Why do some women have abortions later in pregnancy? Per the American Journal of Public Health on second trimester abortions (before viability), "Several studies indicate that the factors causing women to delay abortions until the second trimester include cost and access barriers, late detection of pregnancy, and difficulty deciding whether to continue the pregnancy." The later in the pregnancy, the higher the price, meaning that women -- especially women on Medicaid, who overwhelmingly cannot get coverage for abortions under the Hyde Amendment -- get trapped in a vicious cycle. At the same time, legal restrictions like the ones in Mississippi and Virginia, and their antecedents, have limited the number of providers who will perform abortions later in pregnancy: "These regulations cause physicians to change their clinical practices or reduce the maximum gestational age at which they perform abortions to avoid legal risks. Ambulatory surgical center requirements significantly increase abortion costs and reduce the availability of abortion services despite the lack of any evidence that using those facilities positively affects health outcomes. Both types of laws threaten to further reduce access to and quality of second-trimester abortion care."

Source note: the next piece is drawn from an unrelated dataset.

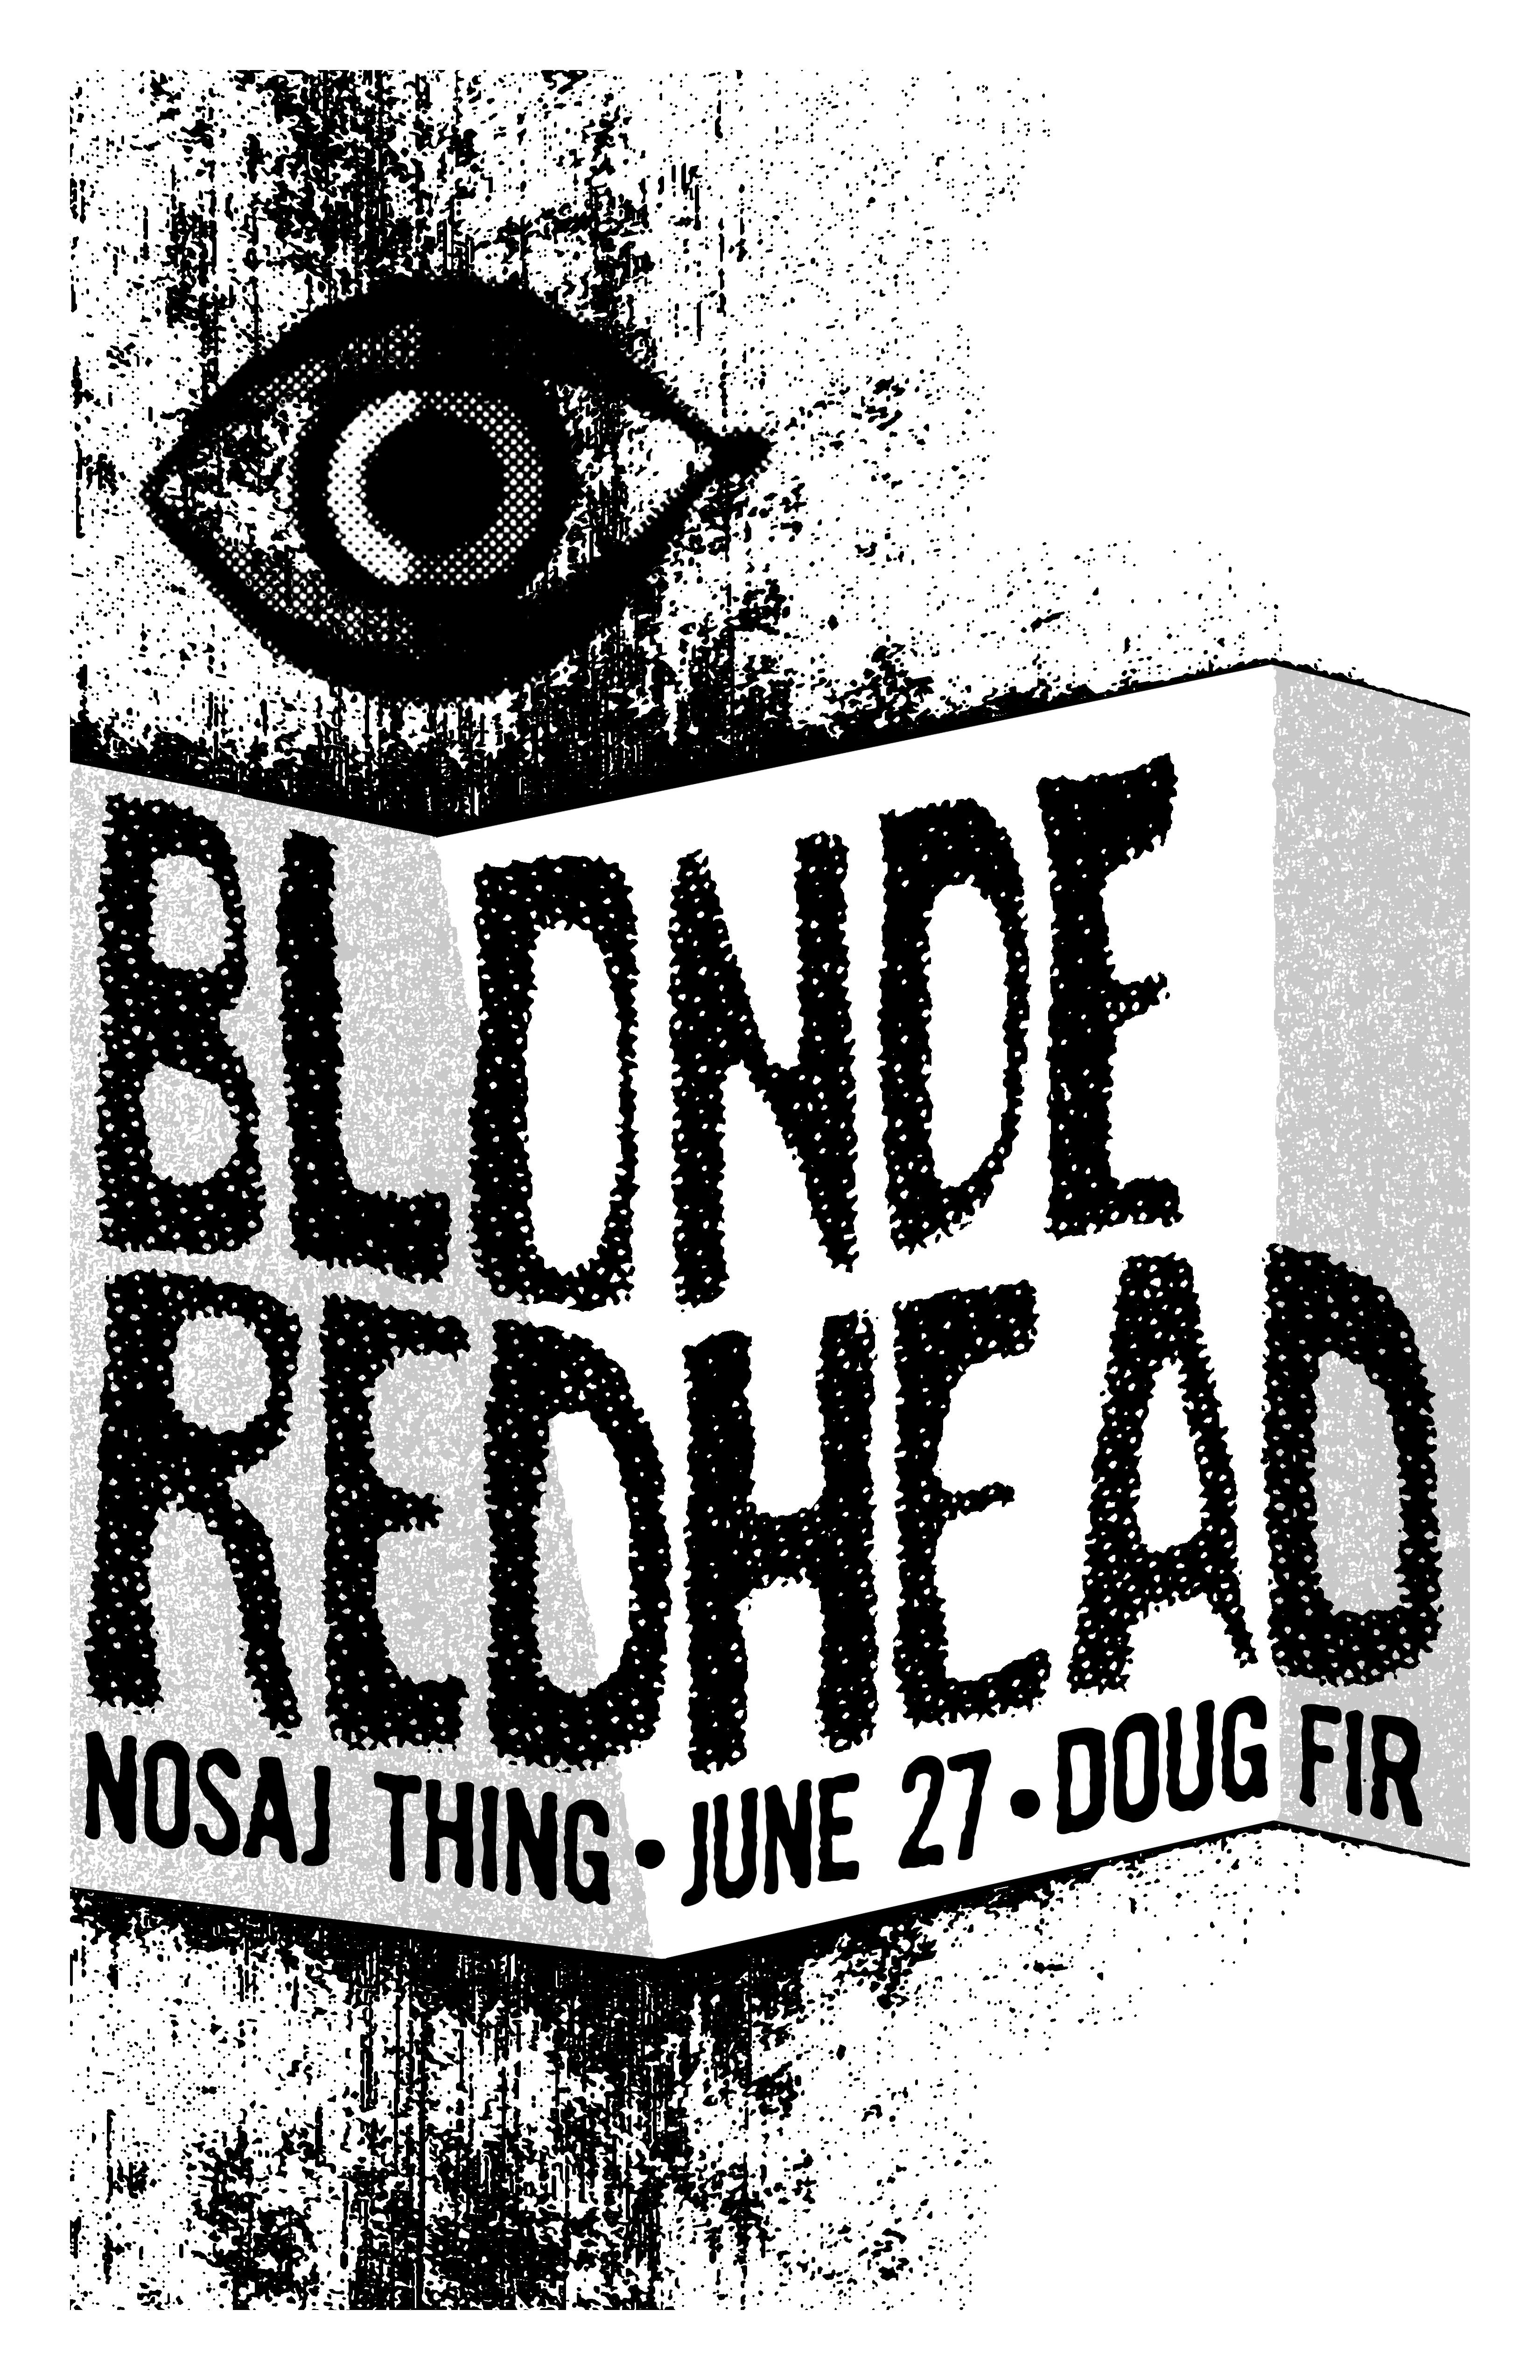 MXP-143.9 Blonde Redhead 2011 Doug Fir  Jun 27 Concert Poster
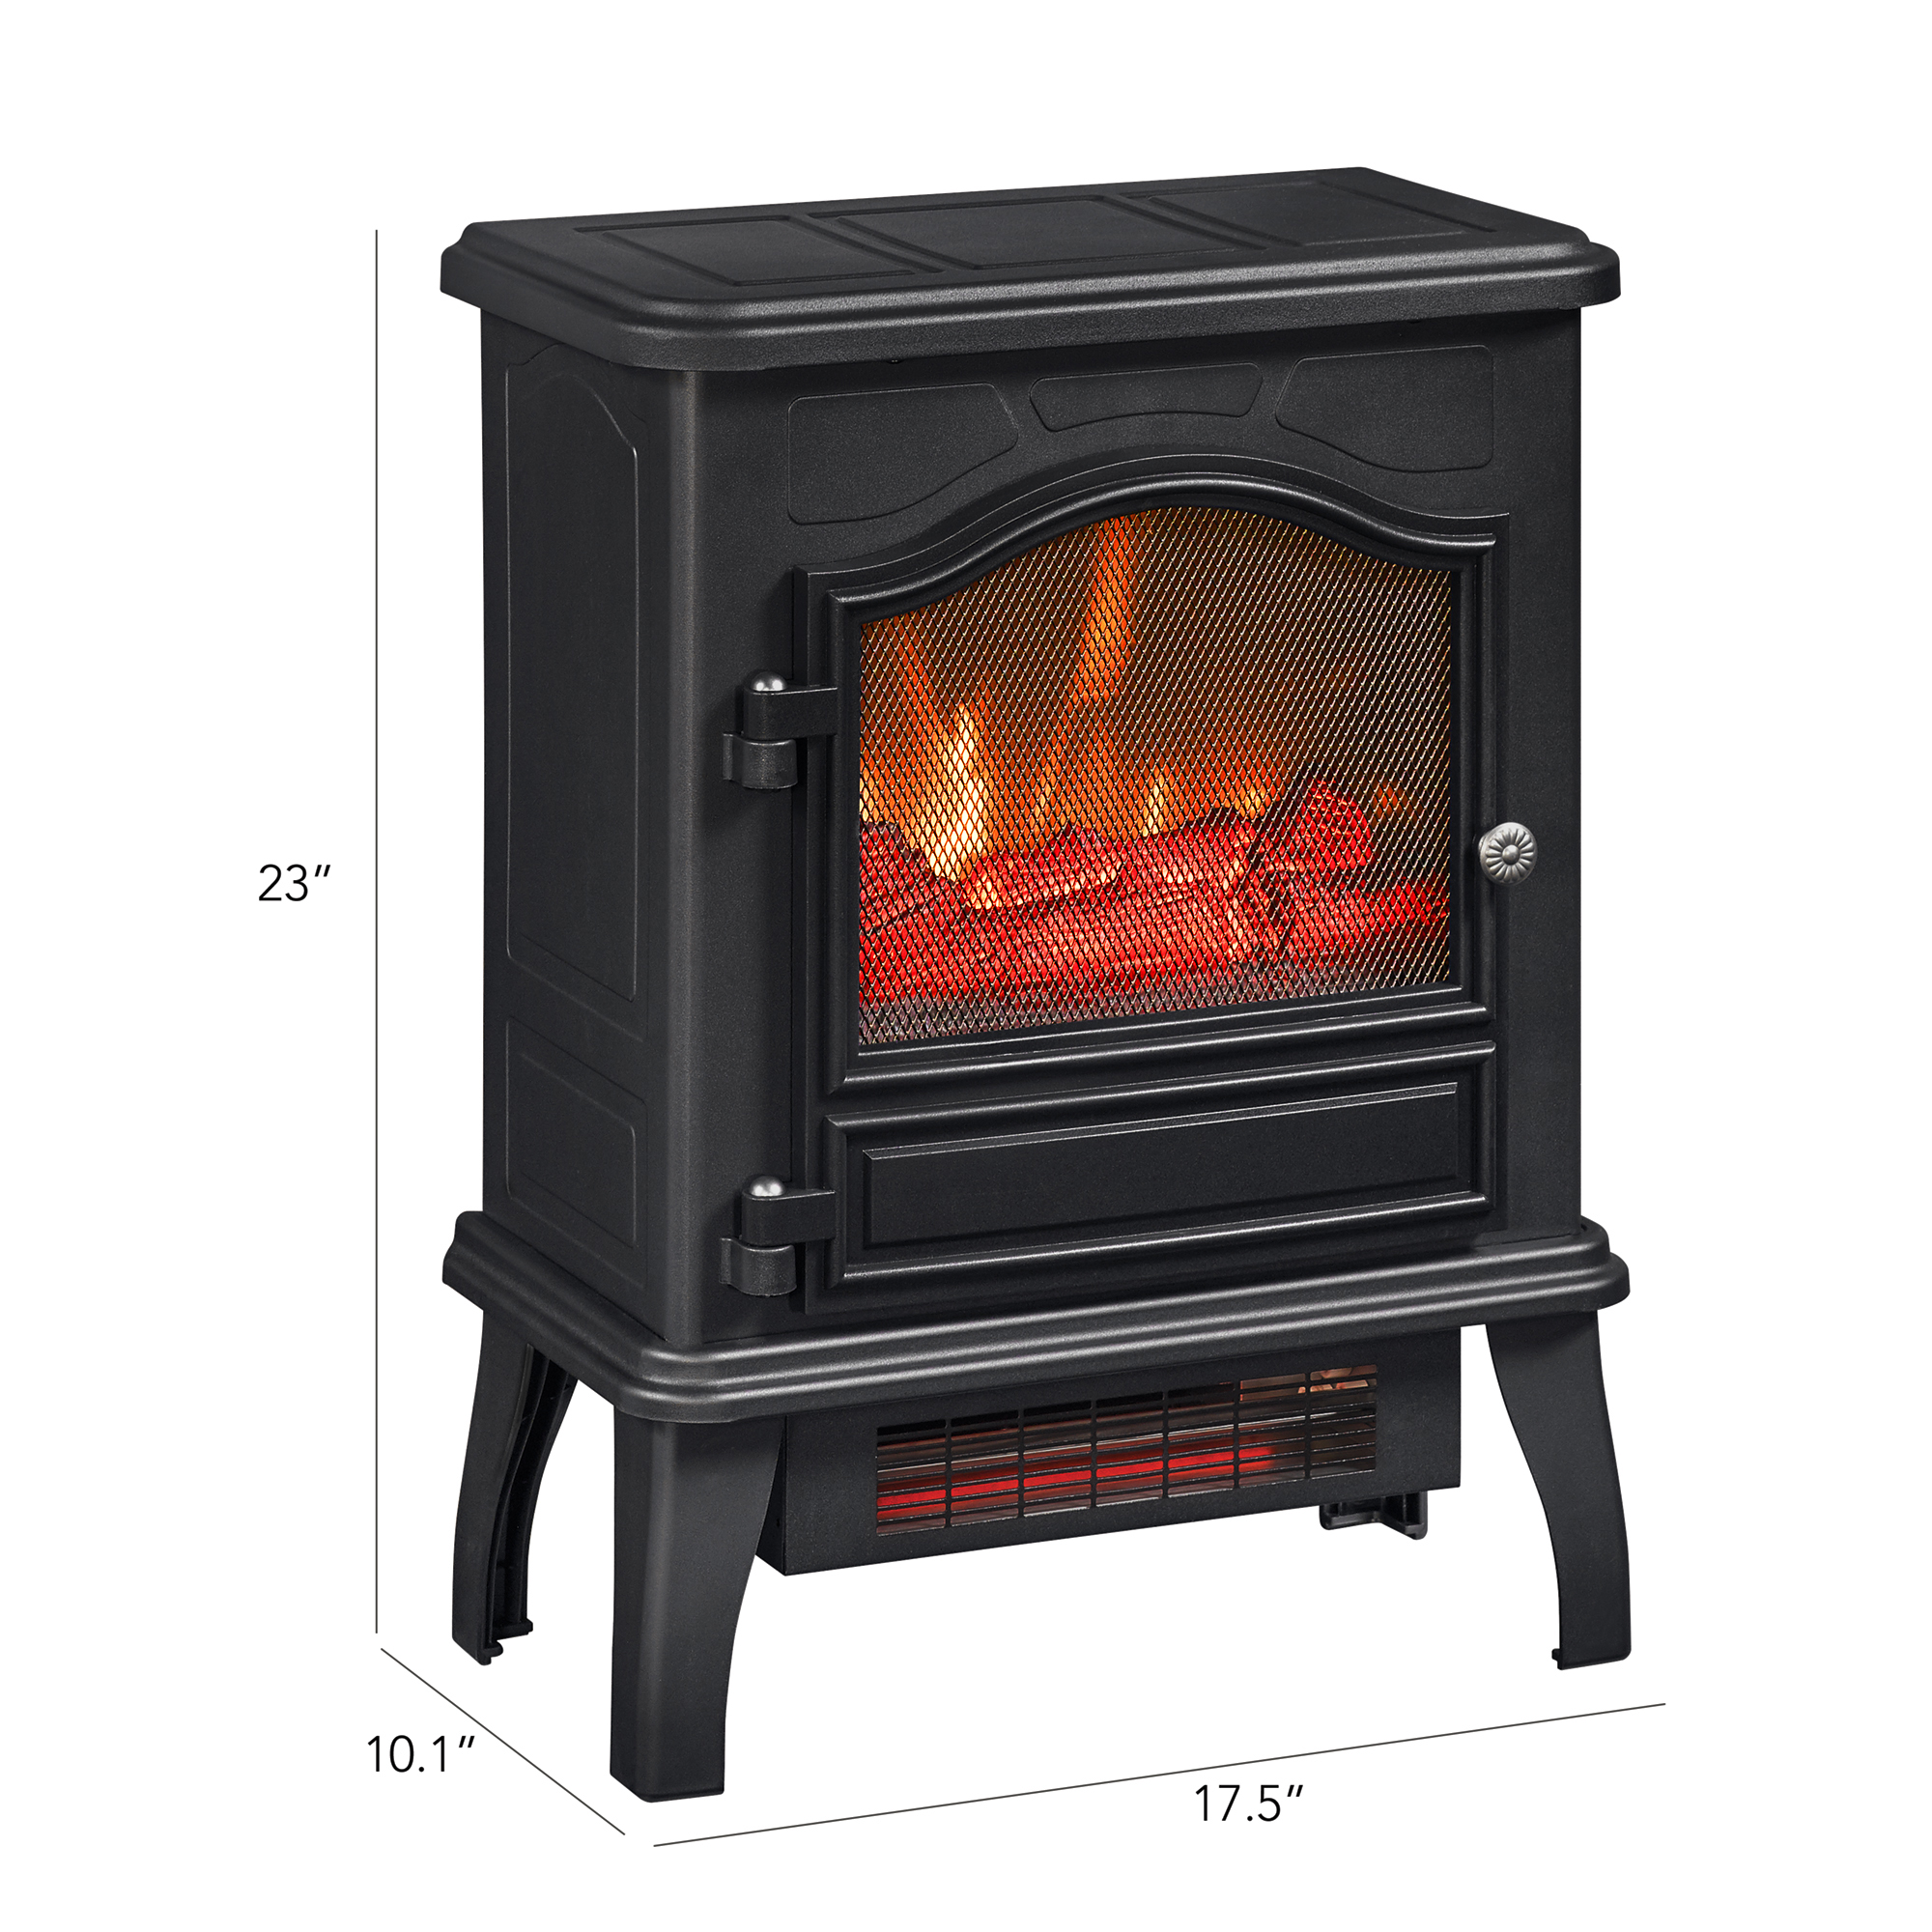 ChimneyFree Powerheat Infrared Quartz Electric Stove Heater, 1500W, Black - image 3 of 15

Abortion, when conducted under safe and legal conditions, is an extremely safe procedure -- according to one recent study, the risk of death associated with childbirth is 14 times higher than associated with abortion. Meanwhile, the U.S. ranks 50th in the world for maternal mortality, and African-American women are 3.2 times more likely to die from pregnancy and childbirth-related complications, though I haven't seen much outrage on the right about that, either. Of course, the people who are claiming a media conspiracy over Gosnell aren't interested in talking about access to safe abortion or better healthcare outcomes for women. They just want all reproductive freedom curtailed.

But even banning abortion outright won't eliminate the Gosnells of the world.  The abortion rate is higher in countries where it's illegal, and around 47,000 women die every year from unsafe abortions in clinics that likely look a lot like Gosnell's. Apart from pro-choice advocates and feminist journalists, where's the outrage about those women's deaths?